By Bill Cotterell
TALLAHASSEE, Fla. (Reuters) - A star running back for Florida State University's football squad was acquitted on Monday of a misdemeanor battery charge despite testimony from a young woman who told jurors he punched her in the mouth outside a bar in June.
The jury deliberated for 25 minutes before delivering its not guilty verdict in the case against Dalvin Cook, who was FSU's leading rusher last season. Cook was suspended from the team pending the outcome of the trial.
Cook, 19, was charged with battery in connection with an altercation in front of Clyde's and Costello's, a popular bar near the state capitol, shortly after the establishment had closed at about 2 a.m. on June 23.

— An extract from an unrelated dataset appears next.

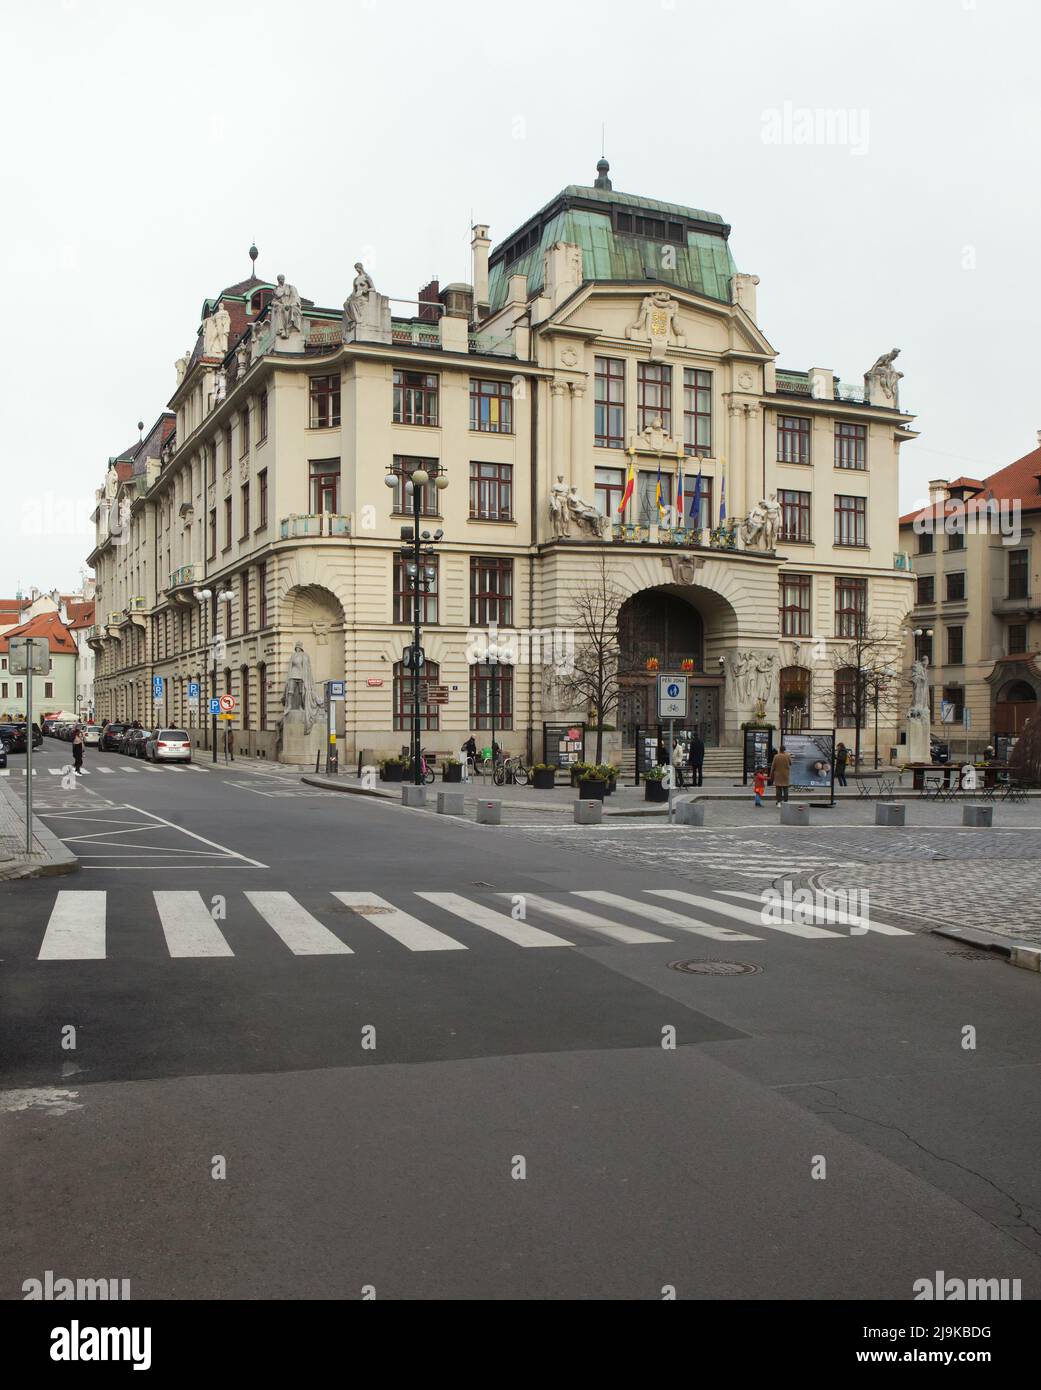 Nouvel hôtel de ville de Prague (Nová radnice) sur la place Mariánské à Staré Město (vieille ville) à Prague, République tchèque. Le bâtiment Art nouveau conçu par l'architecte tchèque Osvald Polívka a été construit entre 1908 et 1911. Banque D'Images

Joey McCall, Cook’s defense attorney, told the jury the prosecution's case "just doesn’t add up," arguing that it hinged on the memory of the accuser, Madison Geohegan, who admitted she was "buzzed" after drinking with a friend.
Prosecutor Sarah Dugan said a small group of players, including Cook, had approached Geohegan, 21, and Keara Lubeskie, 19, as the two women were leaving the bar and tried to talk with them but were rebuffed.
As the encounter grew louder and more contentious, Geohegan testified, Cook punched her, splitting her lower lip.
Lubeskie also identified Cook in court as the player who struck Geohegan. She also testified that she was hit in the side as Cook was flailing at Geohegan, with his friends trying to pull him away.
Cook did not take the witness stand during his day-long trial, but three of his teammates testified that the defendant did not hit Geohegan.
A fourth FSU student who had been passing by the scene and had intervened to try to stop the confrontation testified that he saw Geohegan swing at one of the players with an open hand, but that he did not see anyone punch her.
The following night, former quarterback De’Andre Johnson punched a woman at another bar — an act caught on the club’s video security system — and was kicked off the team.
Following Cook’s arrest in July, coach Jimbo Fisher ordered all of his players to stay out of bars, and the university began added training for athletes regarding their off-field conduct.